## Exercise instructions
Your copy of the listing should match it exactly, only without pictures.

───── Dataset extract

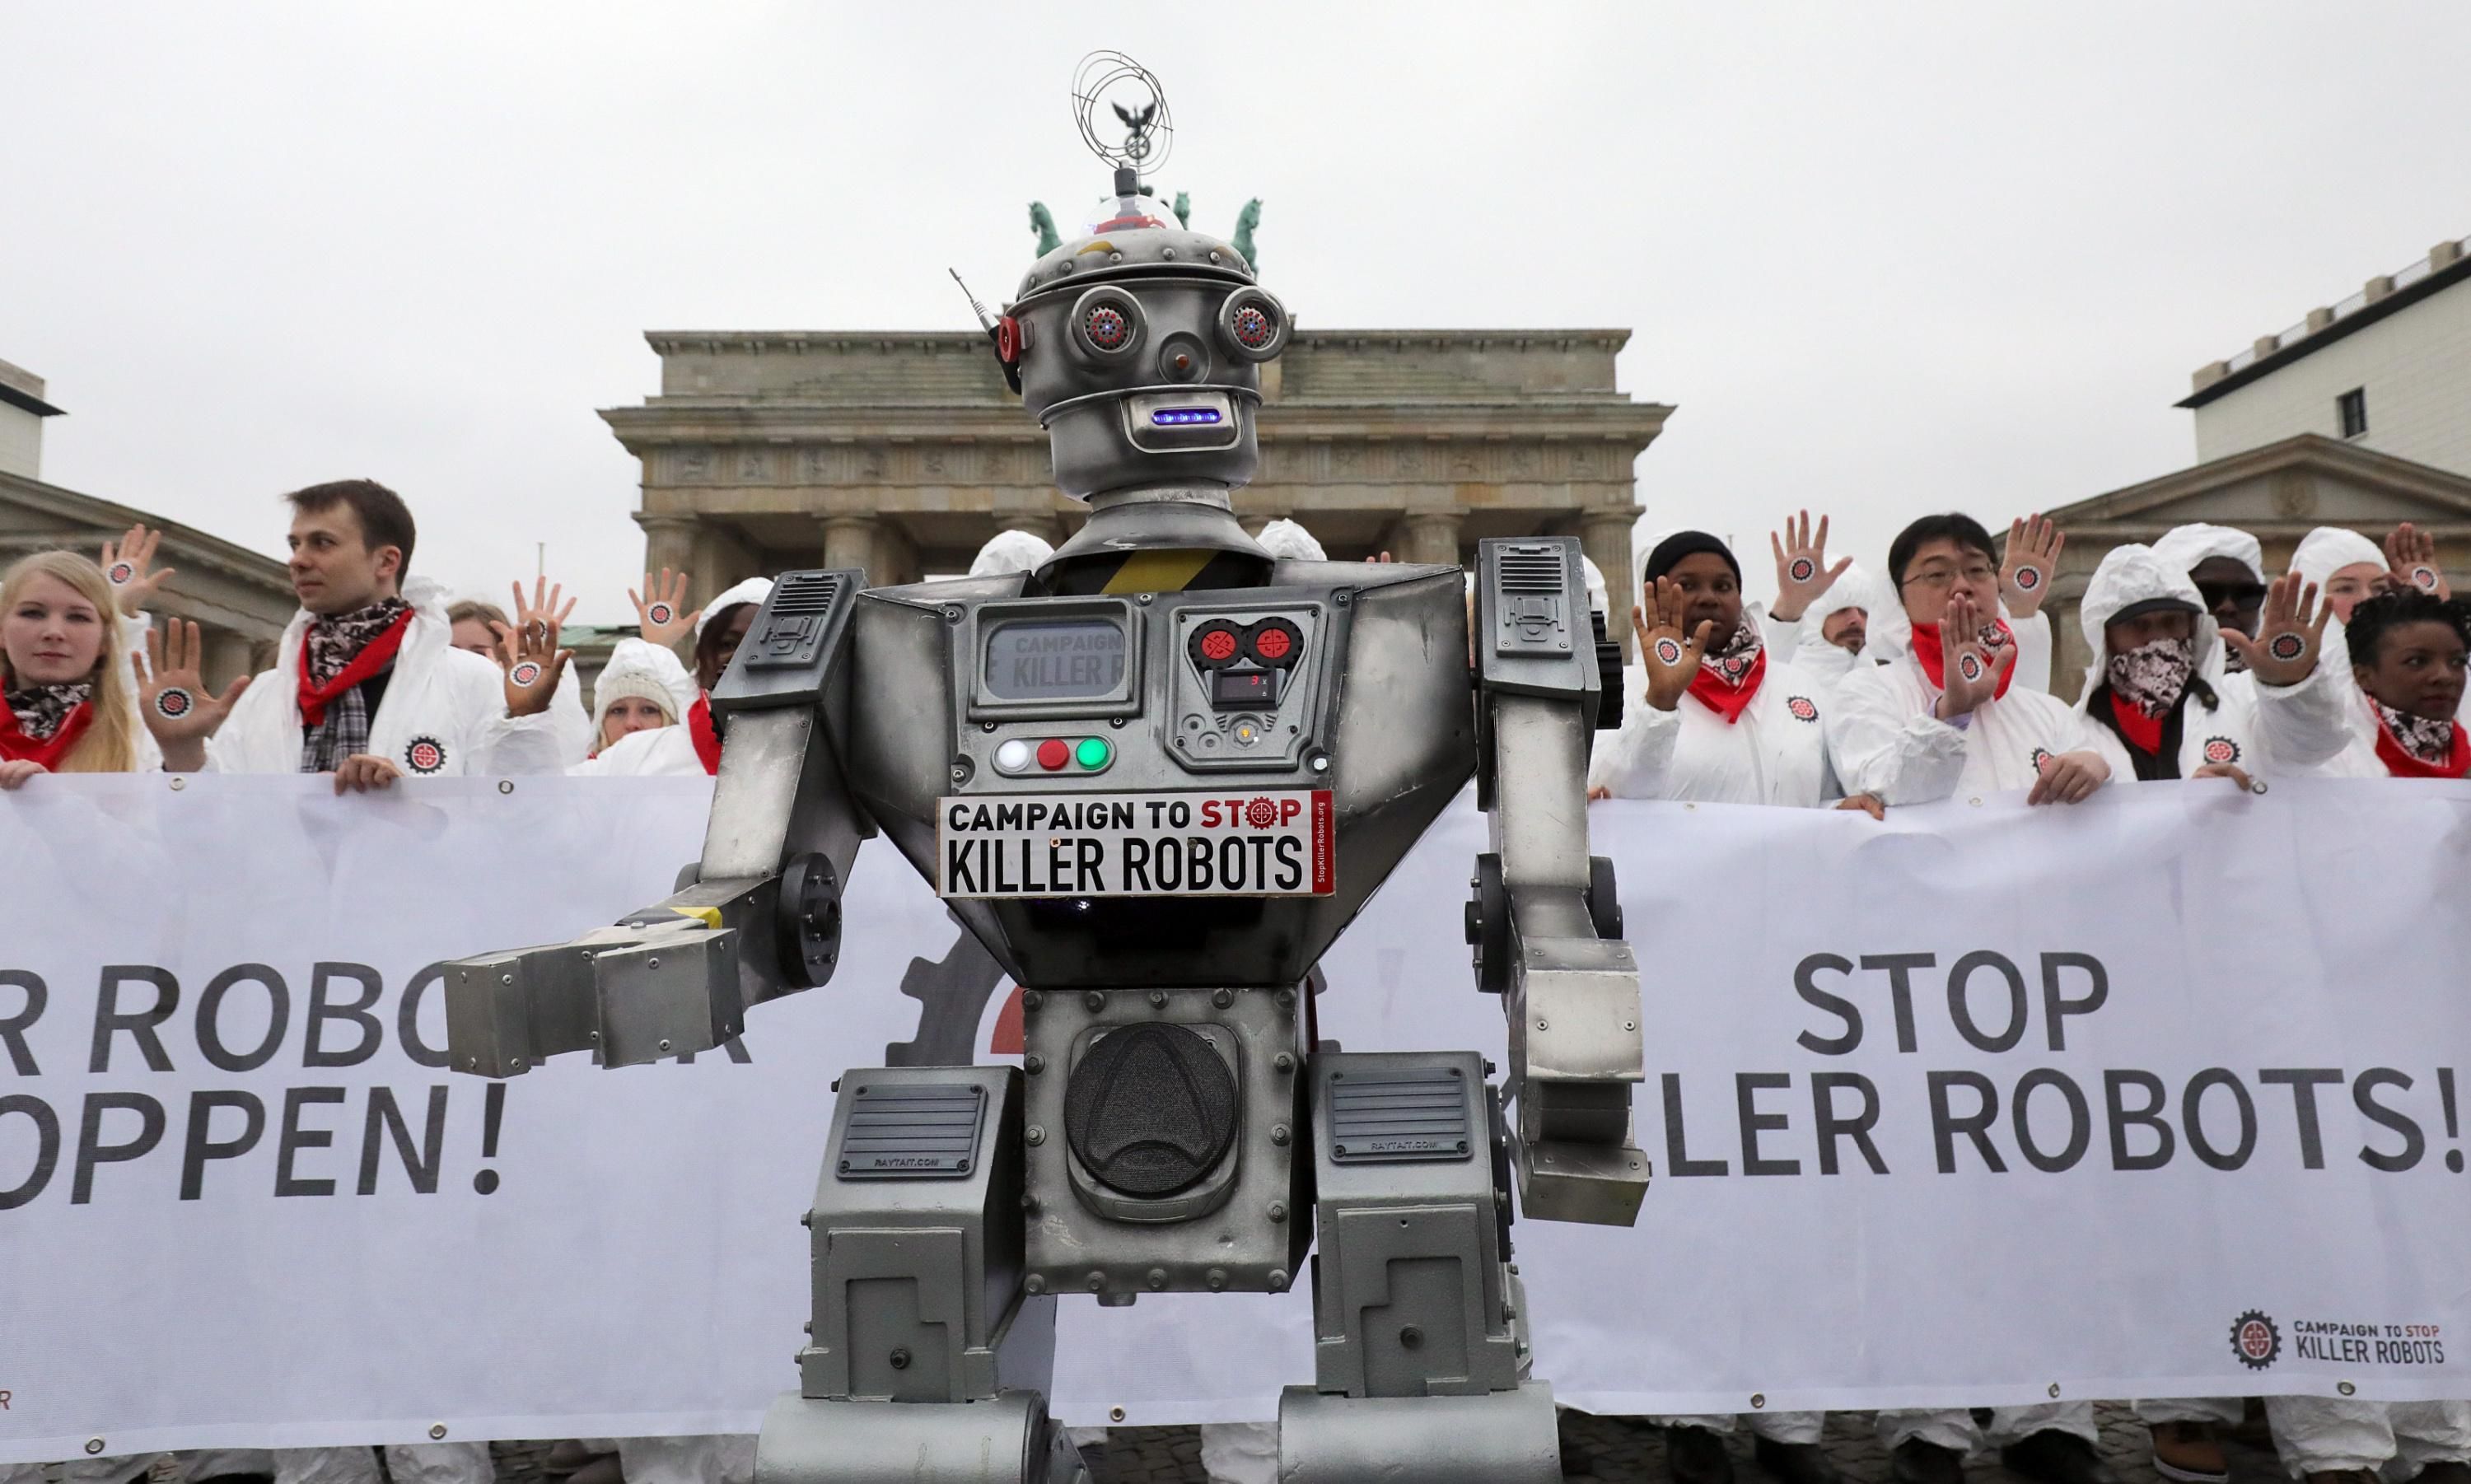 Demonstrators protest killer robots in Berlin.
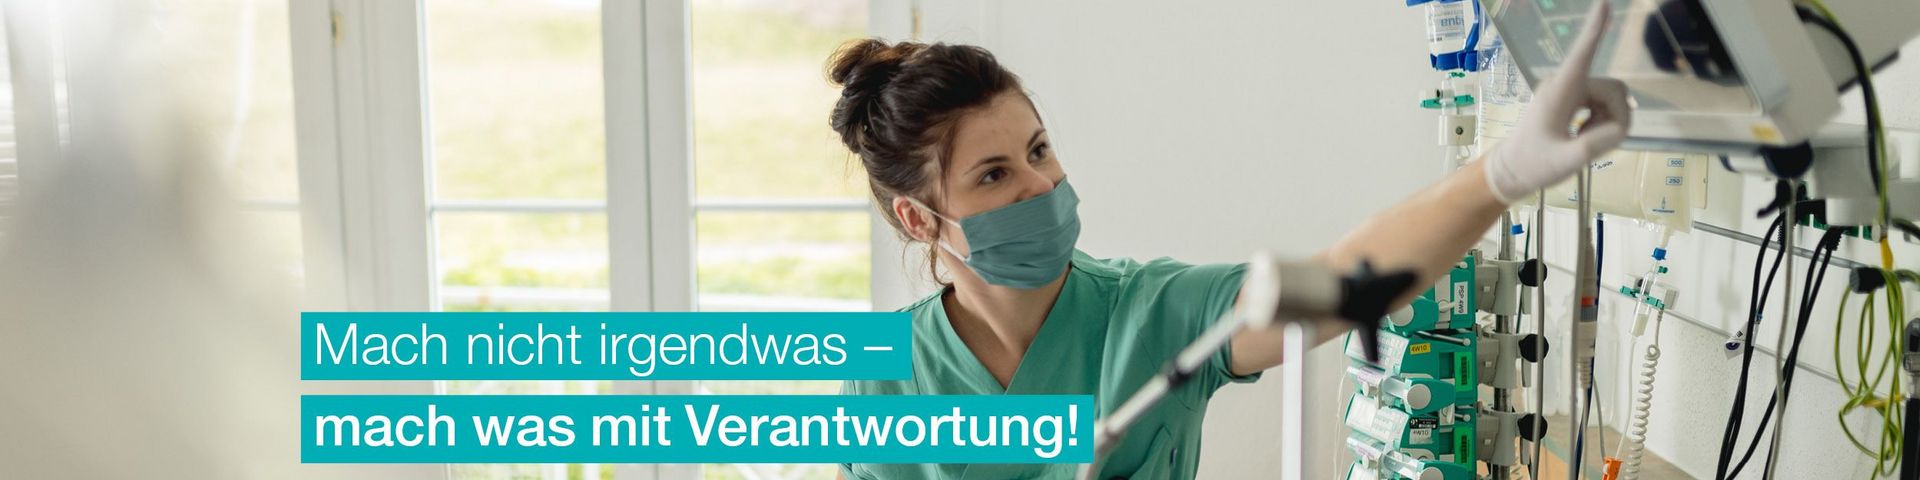 Klinik-Bavaria-zukunftbraucht-Verantwortung-Grafik_2500px
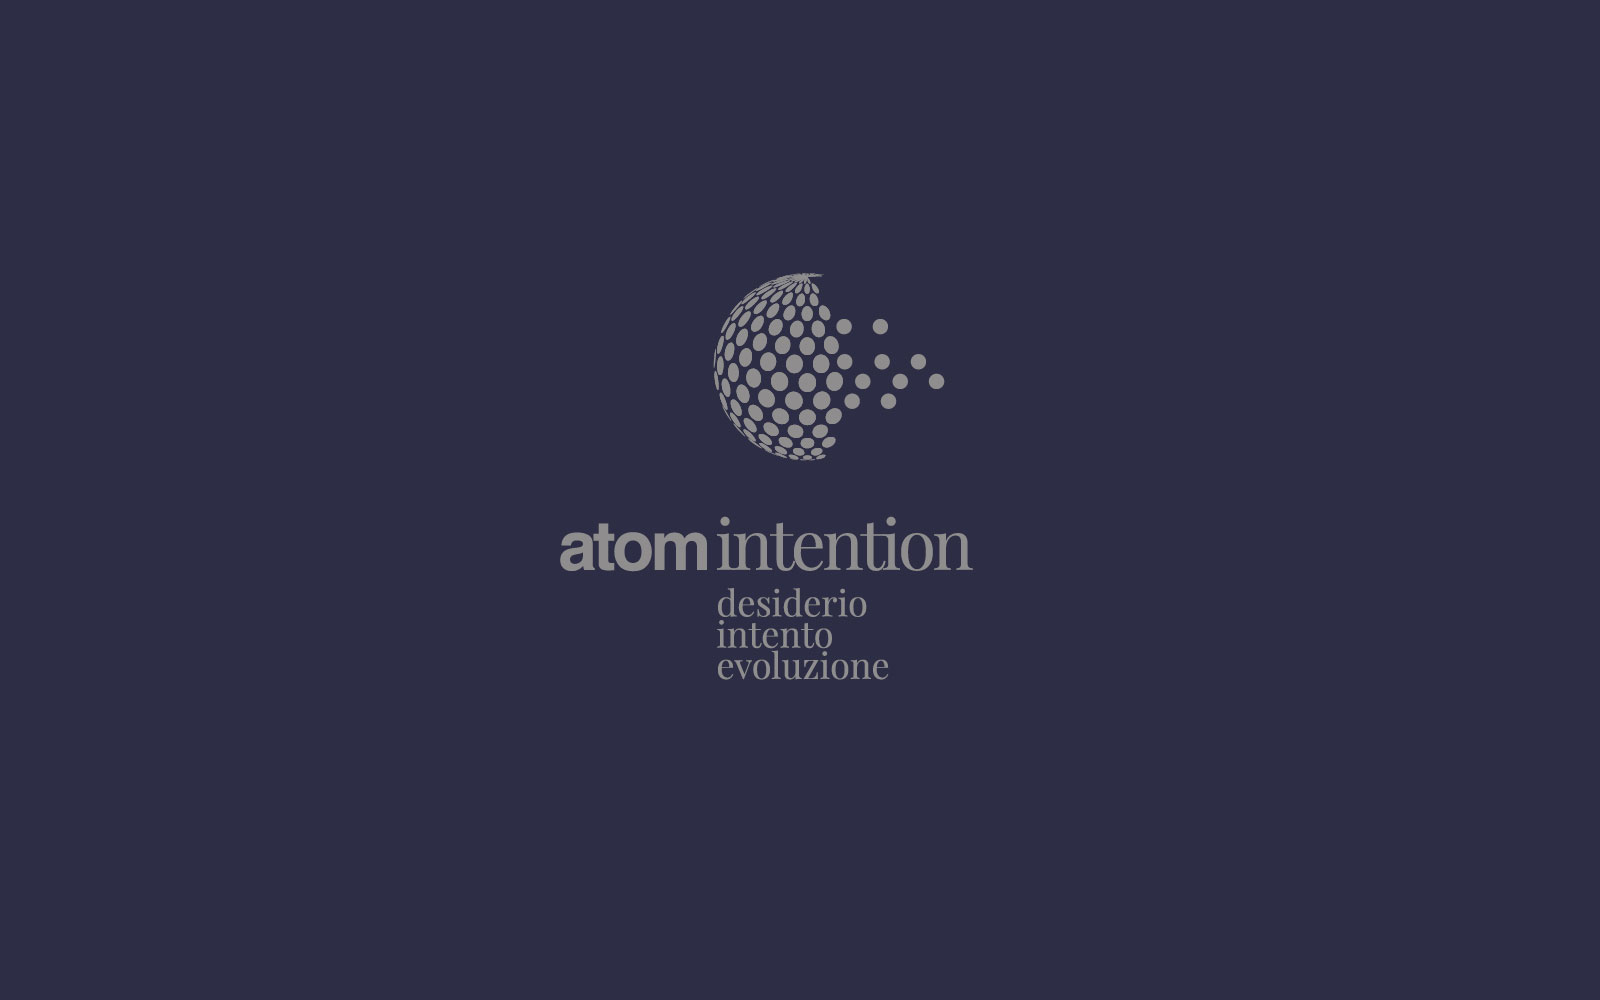 design del logo per azienda di formazione aziendale atom intention. Dettaglio del logo rappresentato in versione negativa. Design diadestudio arco di trento
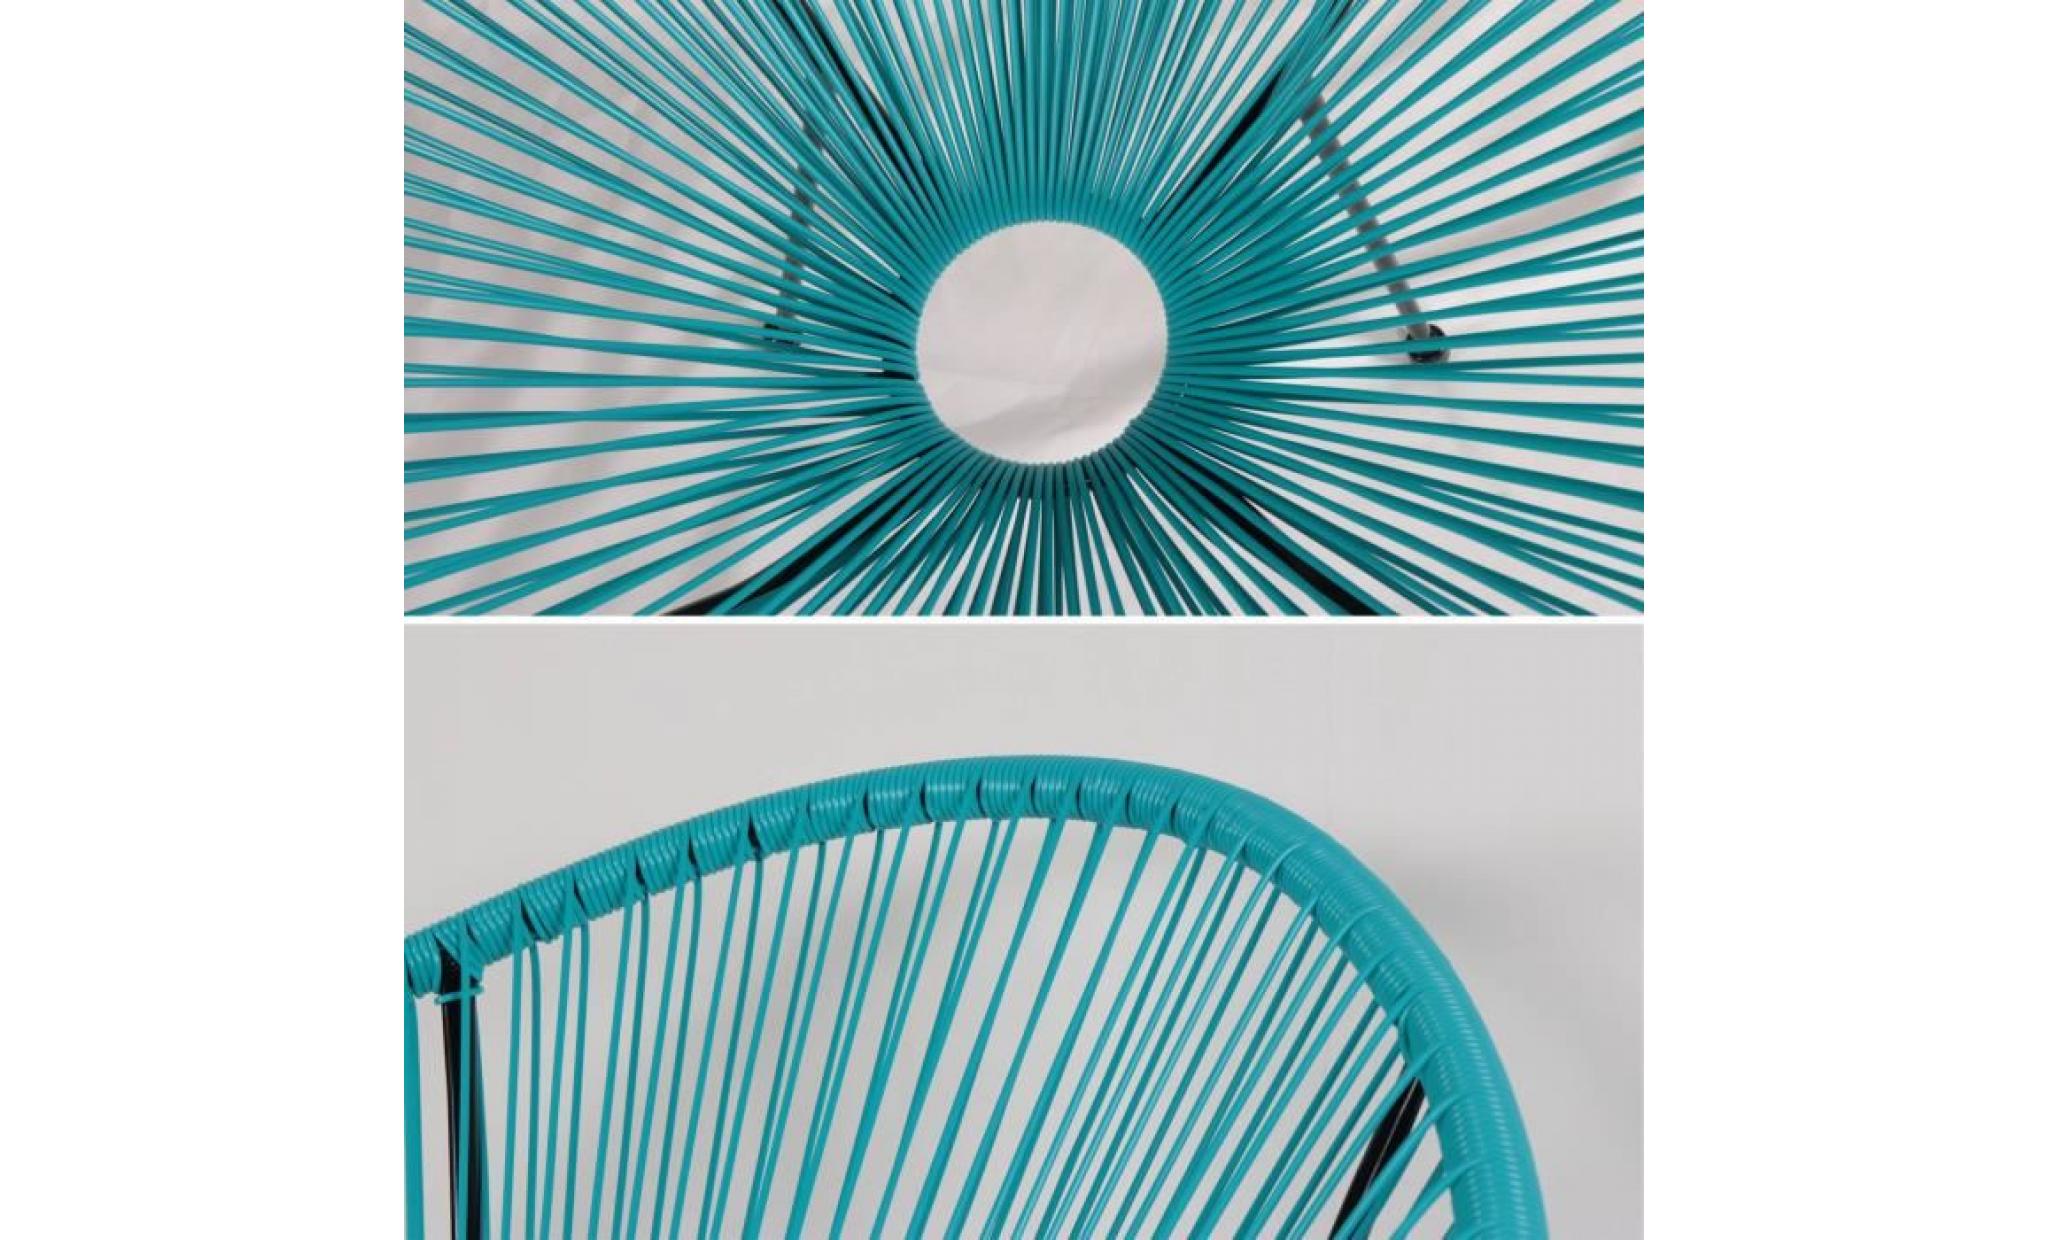 fauteuil acapulco forme d'oeuf   turquoise   fauteuil 4 pieds design rétro, cordage plastique, intérieur / extérieur pas cher

──────────

## Exercise response
 Demonstrators protest killer robots in Berlin.
 Klinik-Bavaria-zukunftbraucht-Verantwortung-Grafik_2500px
 design del logo per azienda di formazione aziendale atom intention. Dettaglio del logo rappresentato in versione negativa. Design diadestudio arco di trento
 fauteuil acapulco forme d'oeuf   turquoise   fauteuil 4 pieds design rétro, cordage plastique, intérieur / extérieur pas cher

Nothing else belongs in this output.